- _Records for the task_

------------------------------

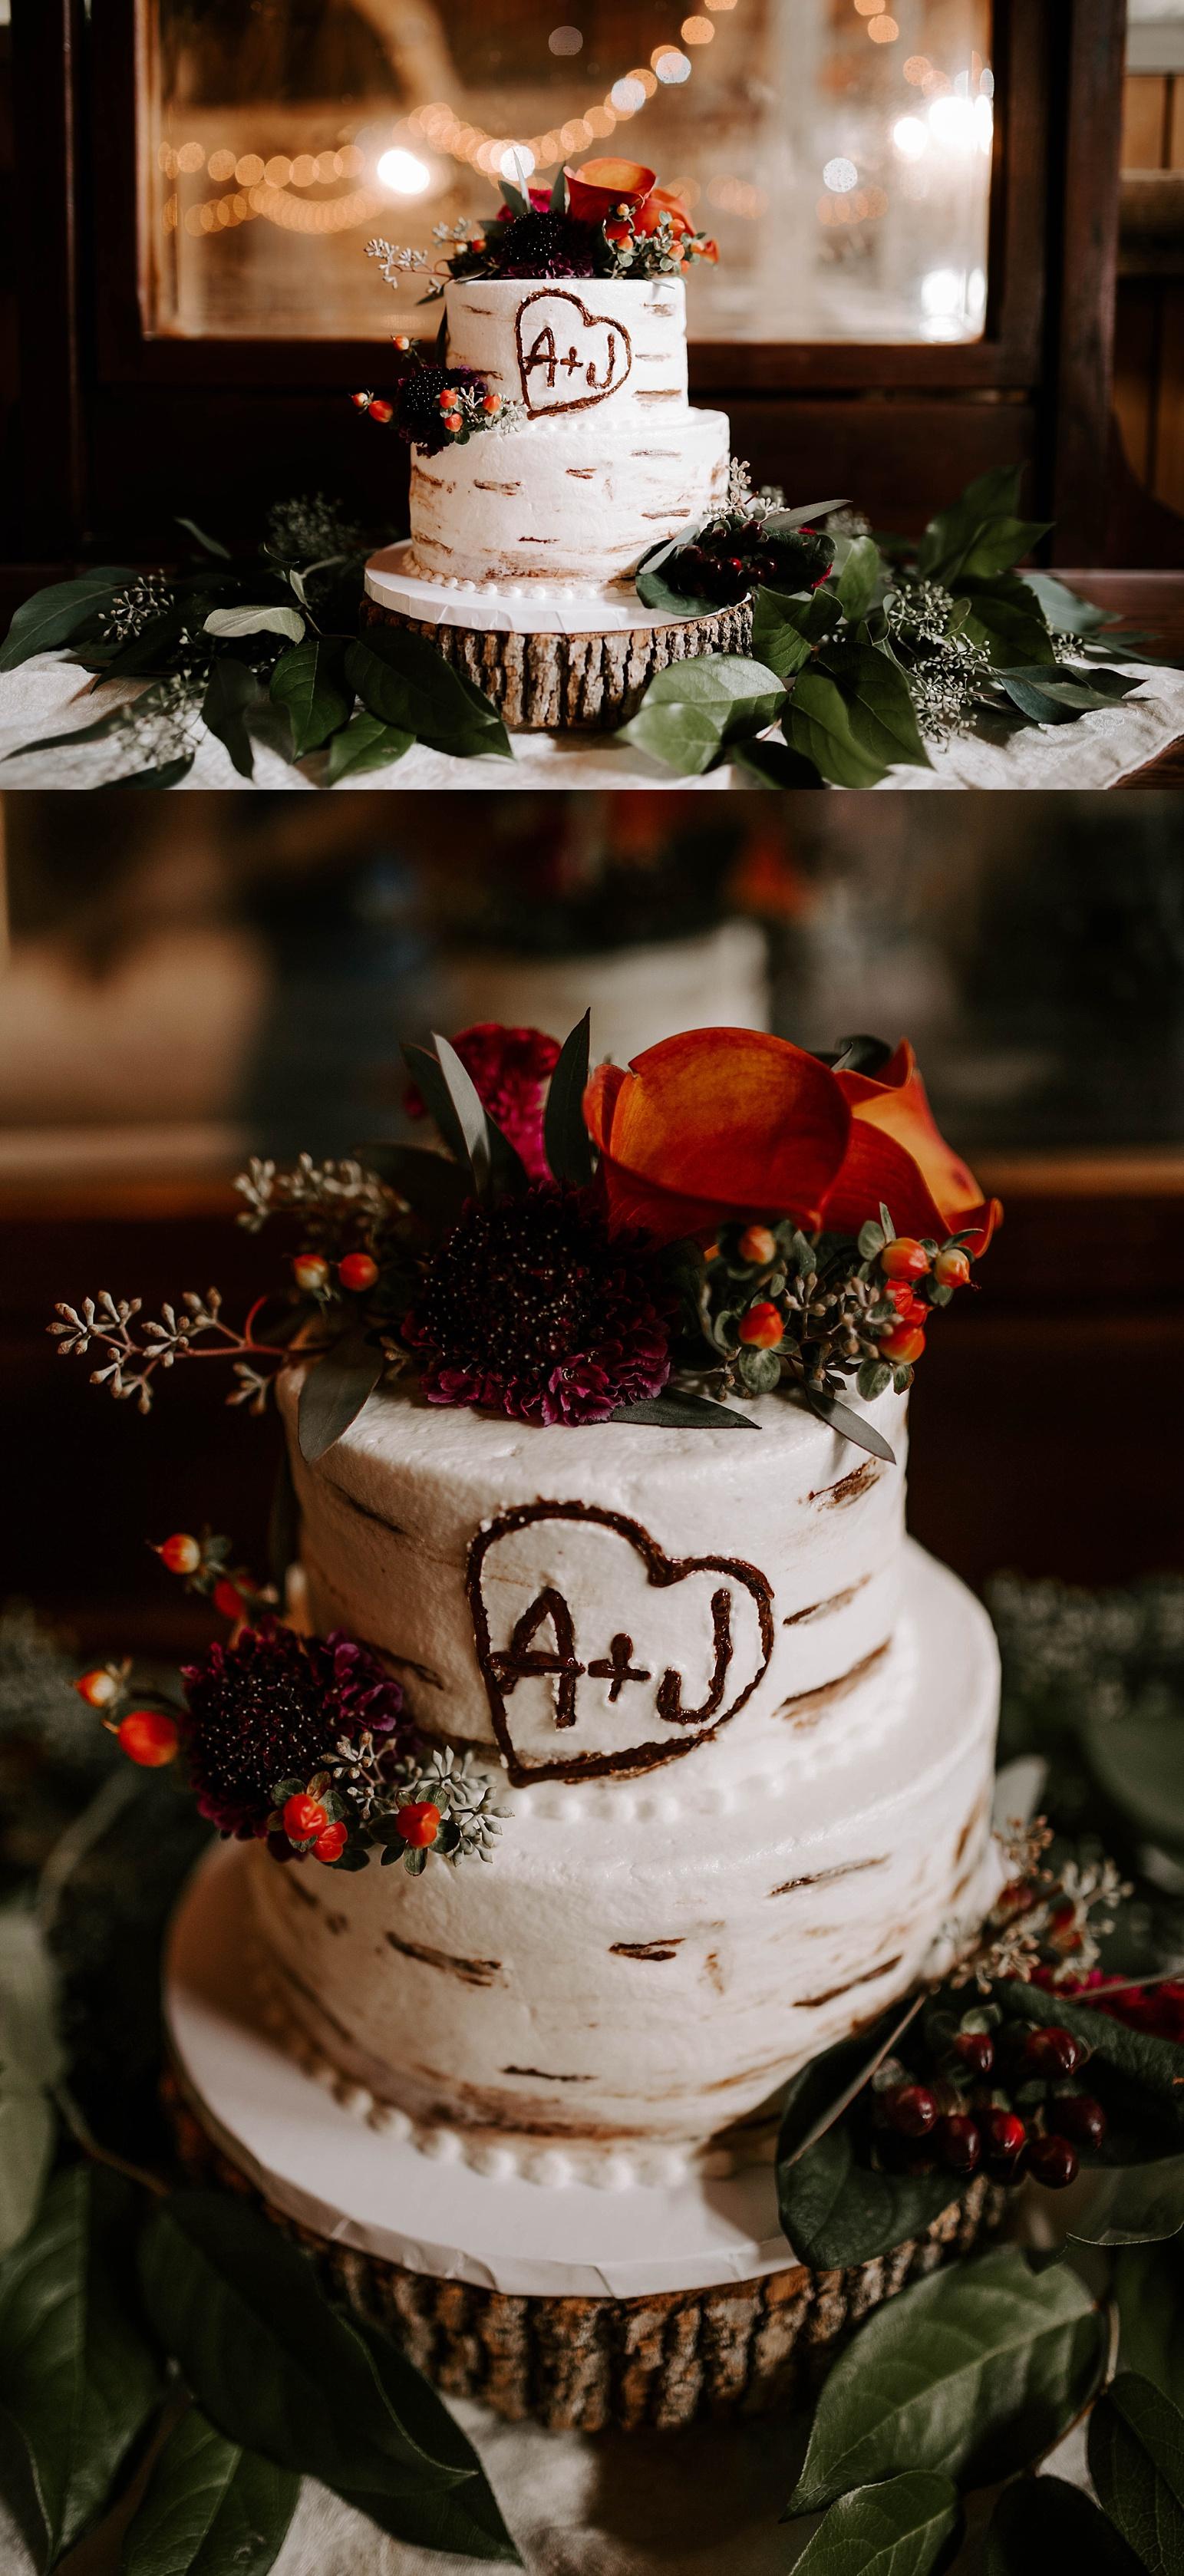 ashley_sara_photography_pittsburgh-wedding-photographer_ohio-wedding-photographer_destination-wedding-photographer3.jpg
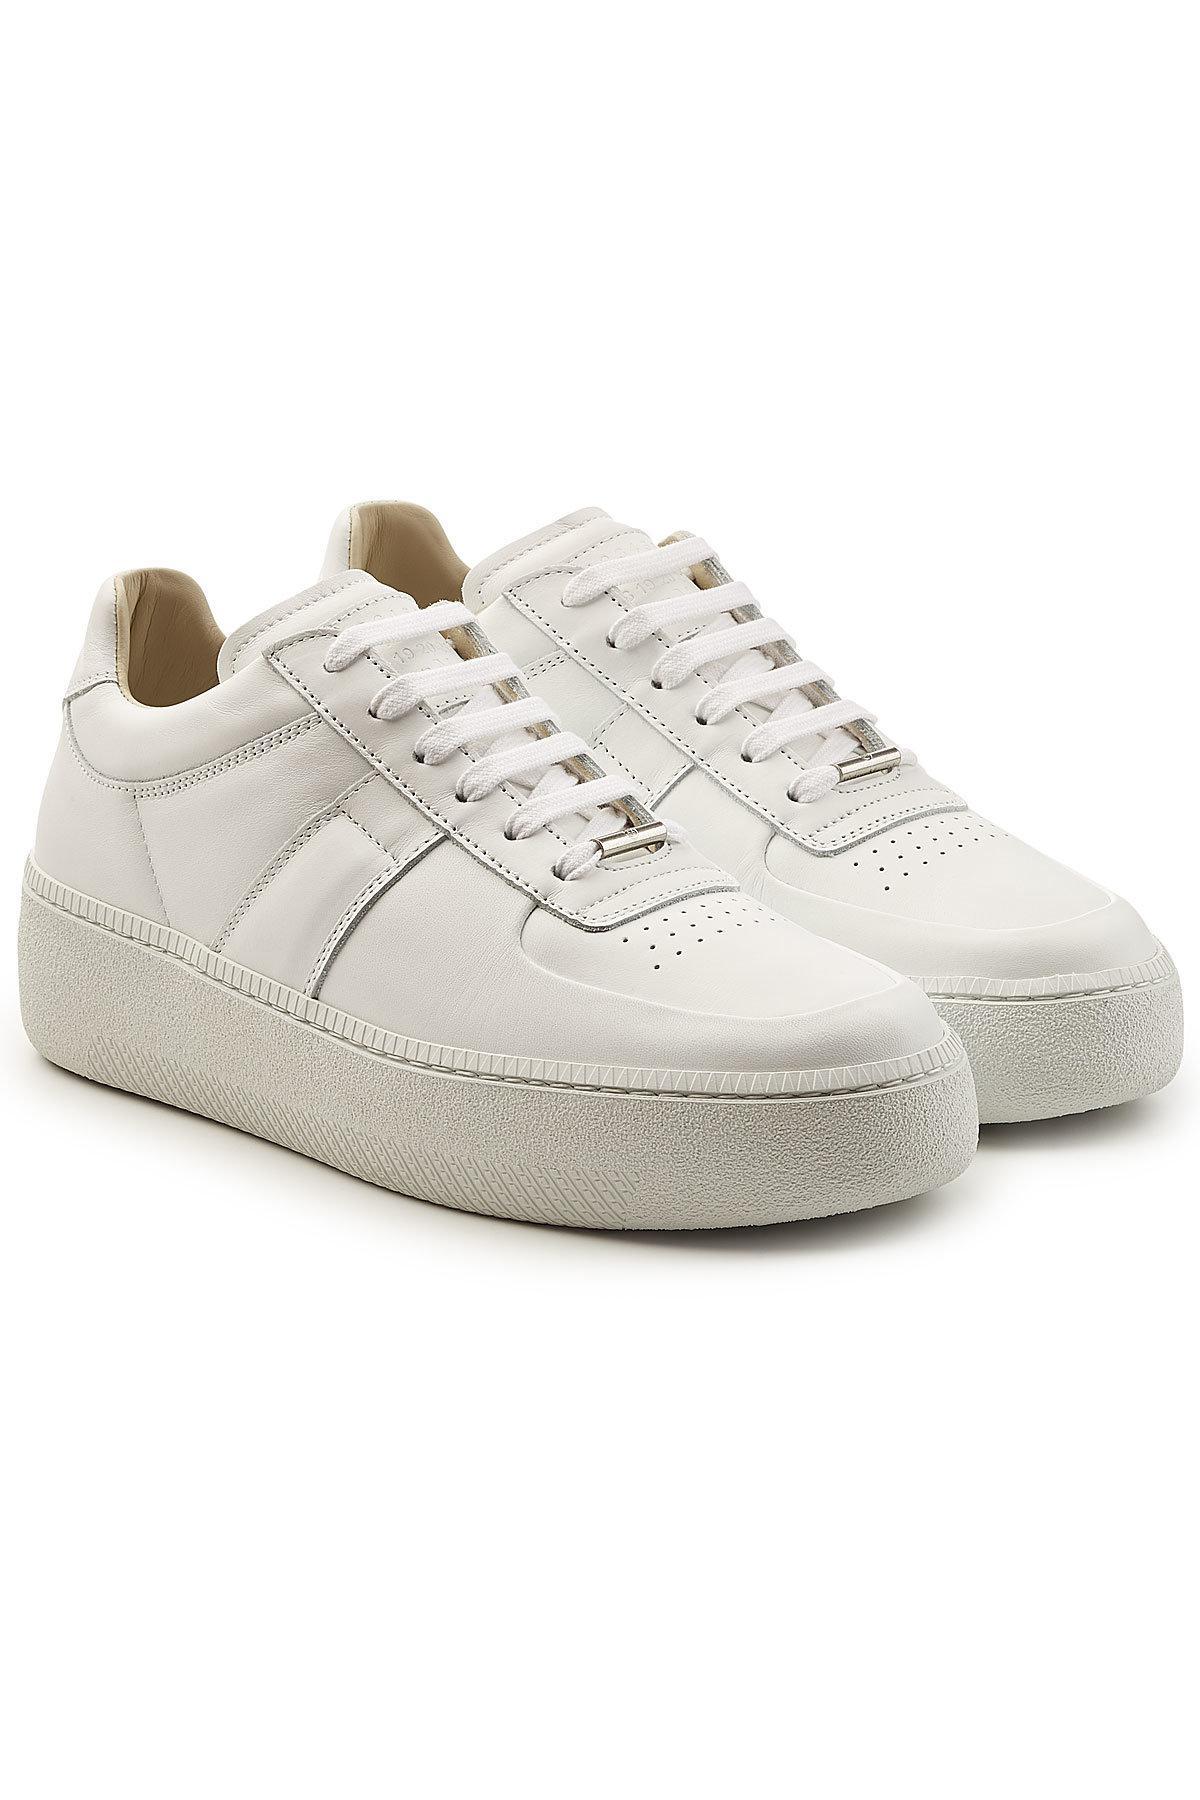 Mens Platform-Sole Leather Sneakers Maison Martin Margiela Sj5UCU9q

------------------------------

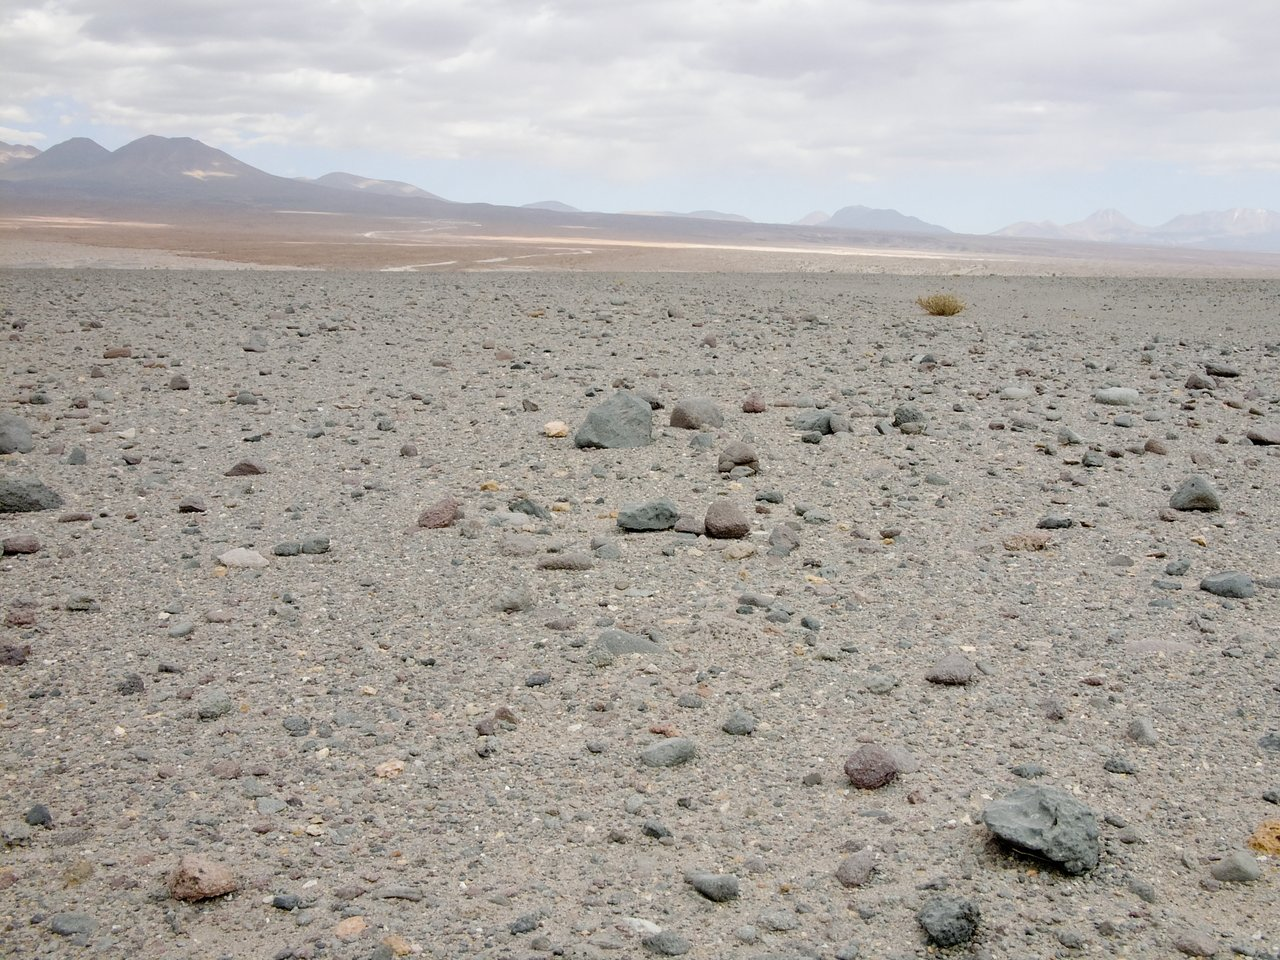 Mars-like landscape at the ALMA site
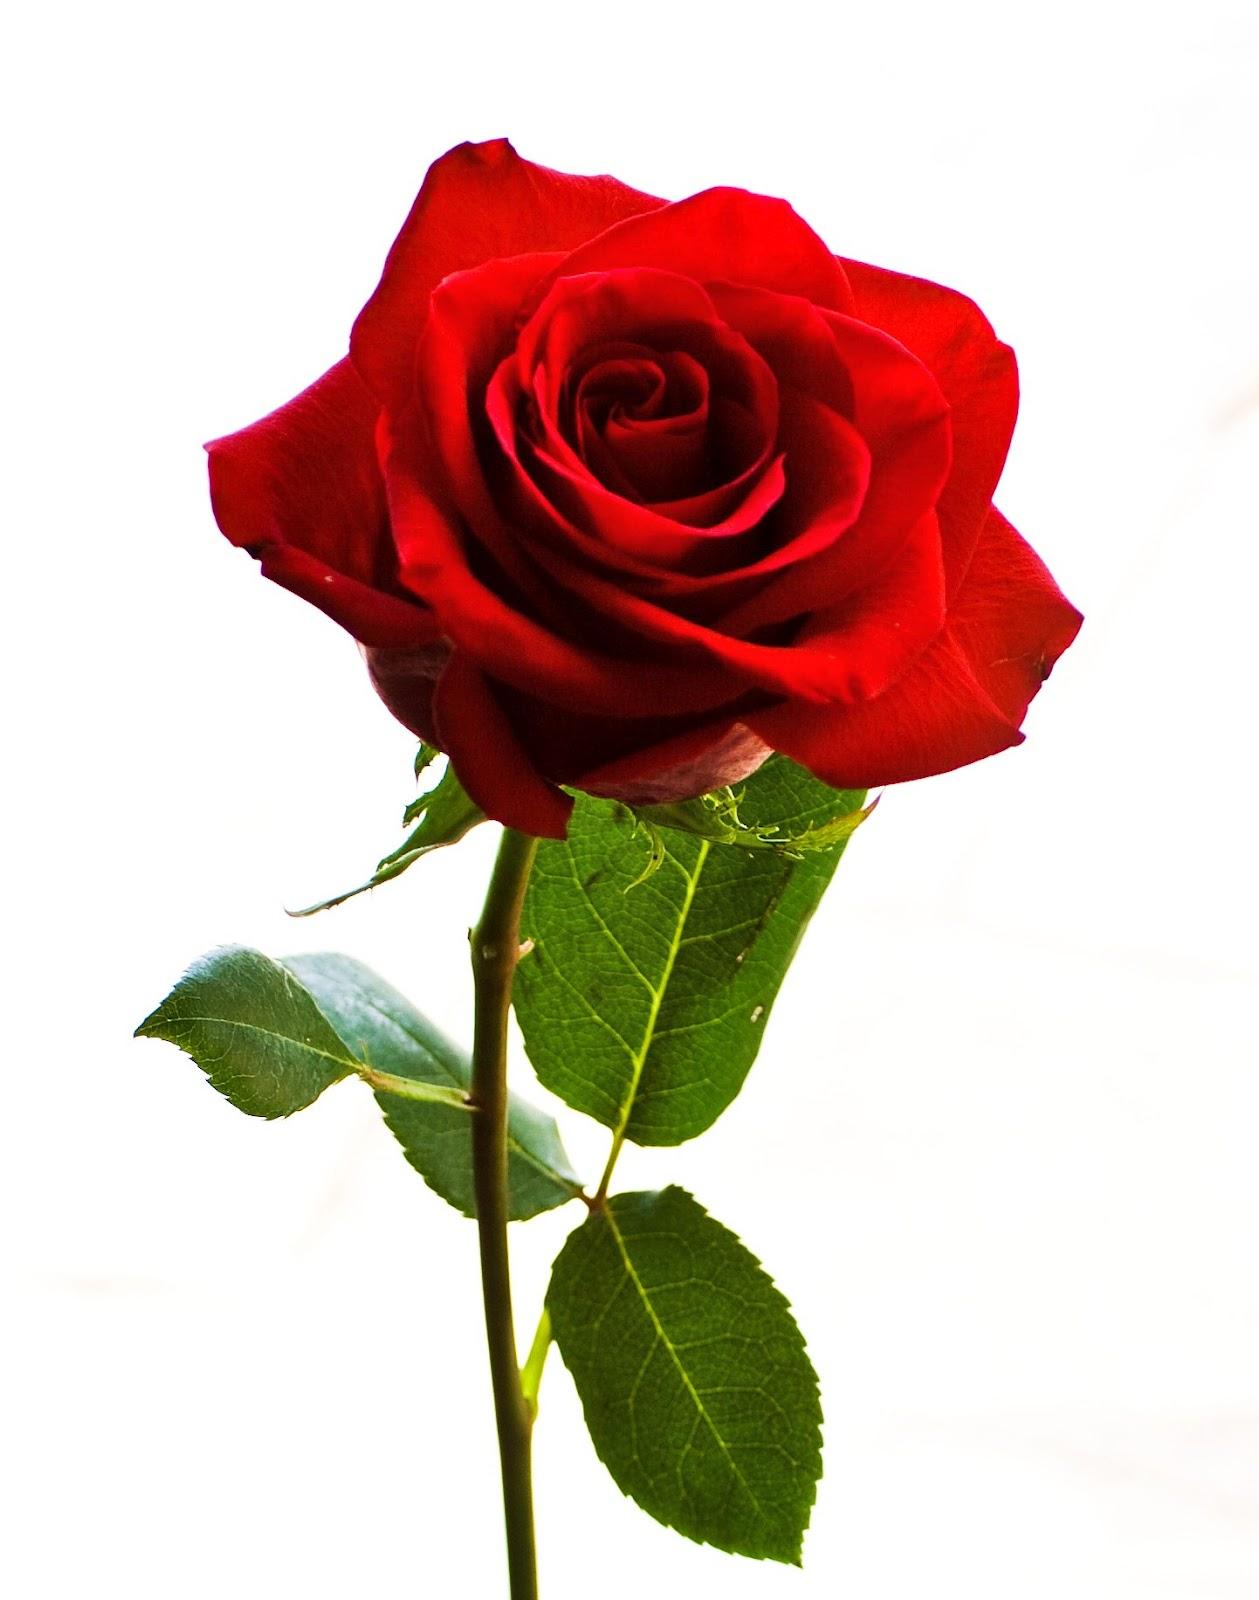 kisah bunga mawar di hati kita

------------------------------

- _Activity_
Make an exact copy of the lines above, beginning with the line with "Mars-like landscape at the ALMA site" and ending with the line with "kisah bunga mawar di hati kita", and keep the pictures out of it.

- _Answer to this exercise_
 Mars-like landscape at the ALMA site
 kisah bunga mawar di hati kita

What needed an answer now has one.